A non-governmental organisation, Civil Resources Development and Documentation Centre (CIRDDOC), held a ‘tribunal’ recently in Abuja; in a bid to increase public awareness on the pressing need to domesticate the legislature signed and ratified Convention and the Elimination of all forms of Discrimination against Women (CEDAW) and the Maputo Protocol. In simpler terms, to improve the rights of women in Nigeria.
While said tribunals are not legal proceedings and do not have the power to enforce recommendations, they have been known to effect significant changes especially in attitudes and policies concerning women.
By having victims of violations of human rights speak publicly, they aim to attract condemnation of the violations from well-meaning people.
The tribunal yesterday heard testimonies of survivors of violence, domestic violence and political violence, including a sad case of a 14-year-old girl impregnated by a man old enough to be her father, in one of the South-Eastern States. In line with the tradition of her community, the girl is being forced to marry the man.
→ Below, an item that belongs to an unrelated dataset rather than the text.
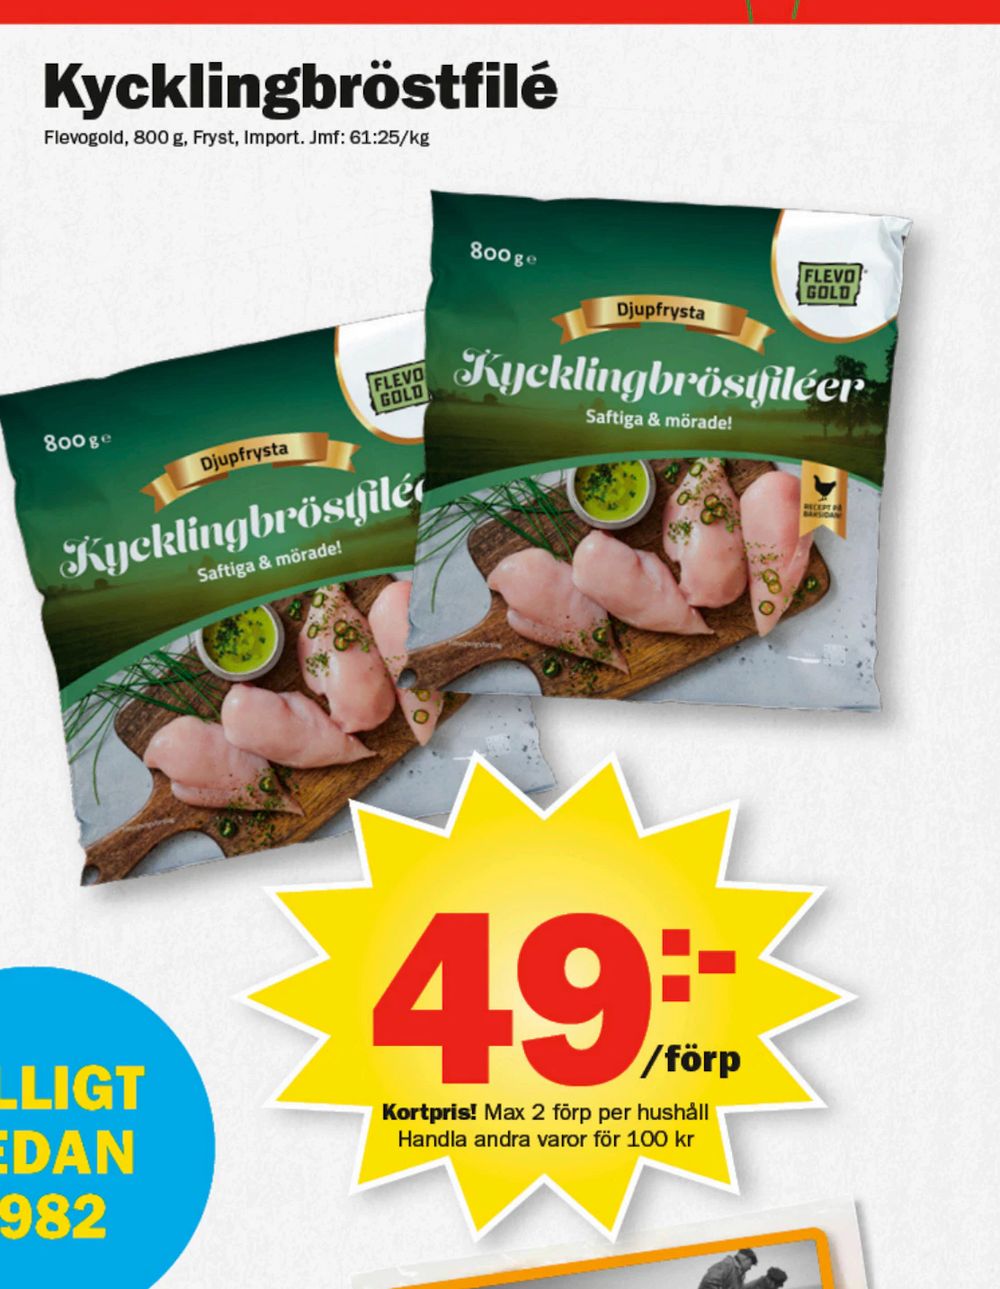 Erbjudanden på Kycklingbröstfilé från Pekås för 49 kr

Also, testimonies included a victim of genital mutilation who struggled to hold back tears, recalling her experience.
CIRDDOC, in collaboration with Affirmative Action Initiative for Women (NCAA) hopes to secure a legal framework to promote gender equality and the Gender and Equal Opportunities (GEO) bill.
While the tribunal consisted of three different panels, Panel on Violence Against Women and harmful traditional practices had the audible voice by the revelations of the testifiers whose account of violations were most notable.